Daha önceki yazılarımda belirttiğim gibi işsizlik ile yoksulluk sorunu arasında çok yakın doğrusal ilişki bulunmaktadır. İşsizlik, yoksulluğun ana nedenlerinden biridir. İşsizliğin mevcut olduğu bir yerde yoksulluğun olması kaçınılmazdır. Bunun tersi de doğrudur. Yani, yoksulluğun olduğu yerde işsizlik kaçınılmazdır.

Prof. Dr. Coşkun Can Aktan'ın belirttiği gibi yoksulluk kısır döngüsü içerisinde bulunulan ülkelerde gelir yetersizliği dolayısıyla yeni yatırımlar yapılamaz ve bu da netice itibariyle işsizlik sorununu ortaya çıkarır. Bu durumu Prof. Dr. Özer Ertuna; ekonomik eşitsizlik temel olarak istihdam ve refahın paylaşılması alanlarında, başka bir değişle işsizlik ve yoksulluk alanlarında kendini gösterir şeklinde açıklamaktadır.
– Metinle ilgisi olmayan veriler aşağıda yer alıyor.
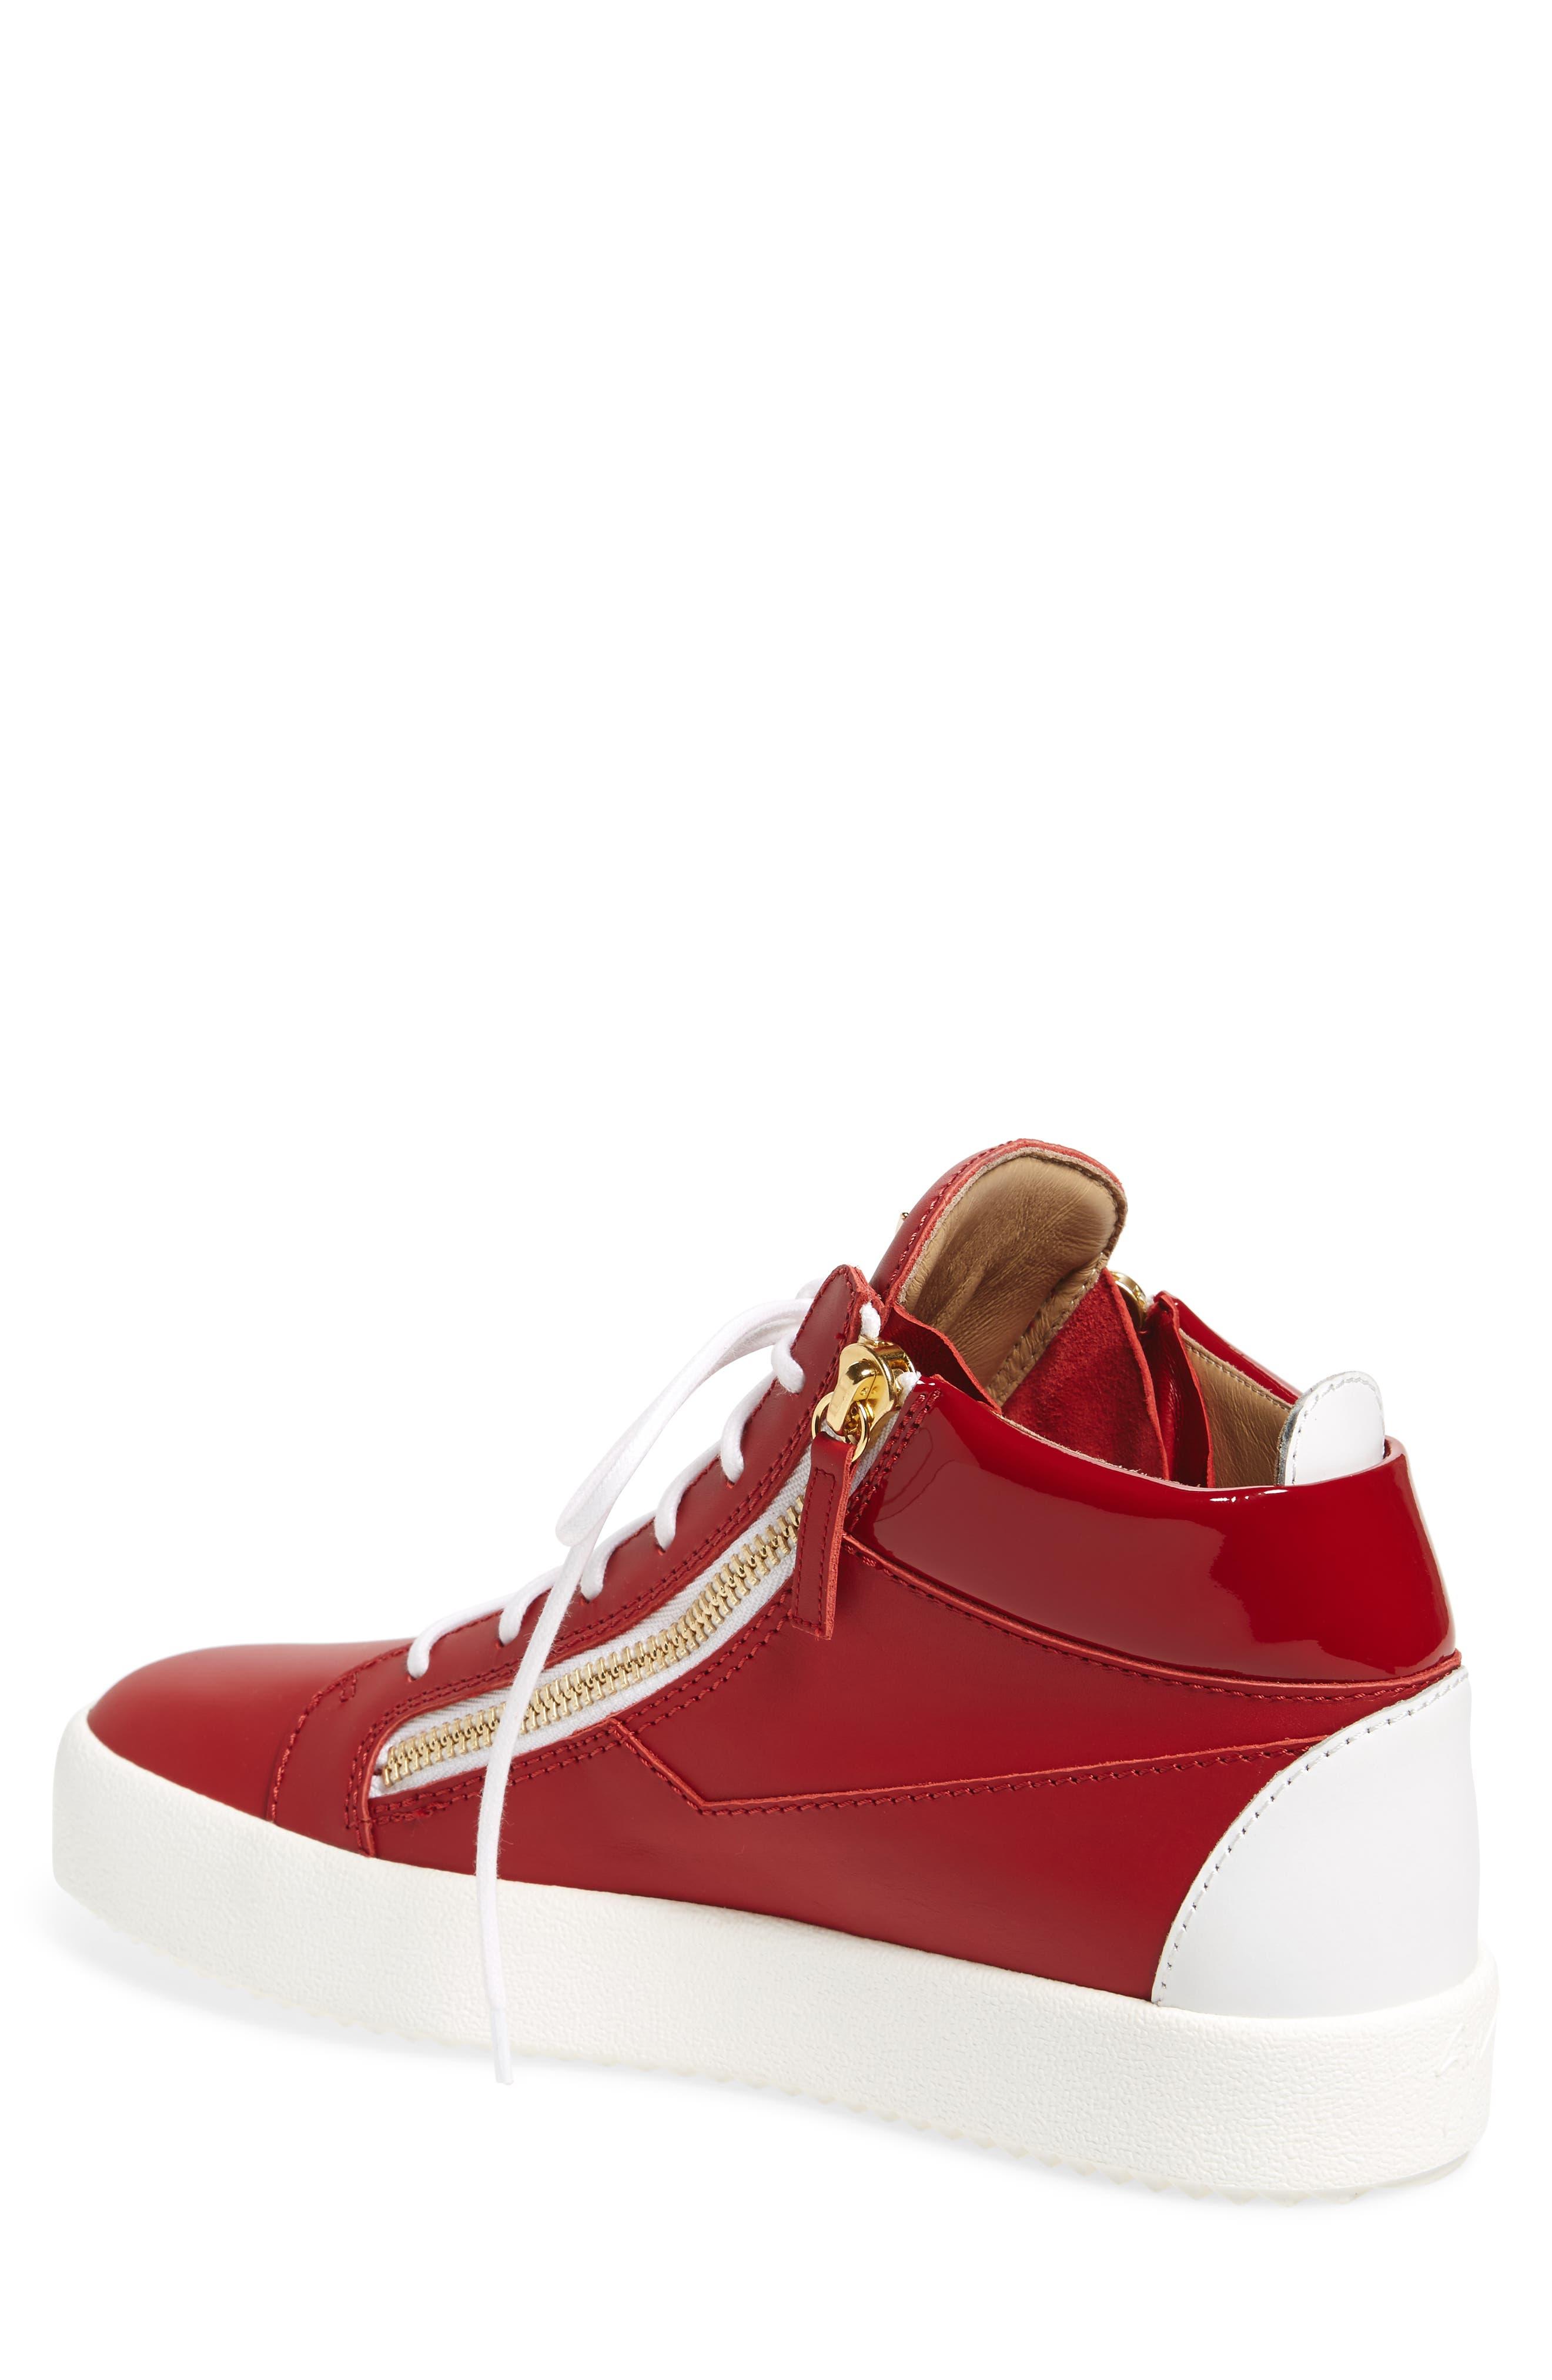 Double Zipper Mid Top Sneaker,                             Alternate thumbnail 2, color,                             600

Ülkemizde işsizlik tehlikesine karşılık Anayasa'nın 49. Maddesinde çalışma bir hak ve ödev görülmüş olup devletin önlem alması hüküm altına alınmıştır. 49. Maddede 'Devlet, çalışanların hayat seviyelerini yükseltmek, çalışma hayatını geliştirmek için çalışanları ve işsizleri korumak, çalışmayı desteklemek, işsizliği önlemeye elverişli ekonomik bir ortam yaratmak ve çalışma barışını sağlamak için gerekli tedbirleri alır' şeklindeki düzenleme ile devlete yüklenen sorumluluğun kapsamı hüküm altına alınmıştır. Çalışma hakkı insanın en doğal hakkıdır ve bu hakkın garanti edilmesi için tüm önlemlerin alınması zorunludur.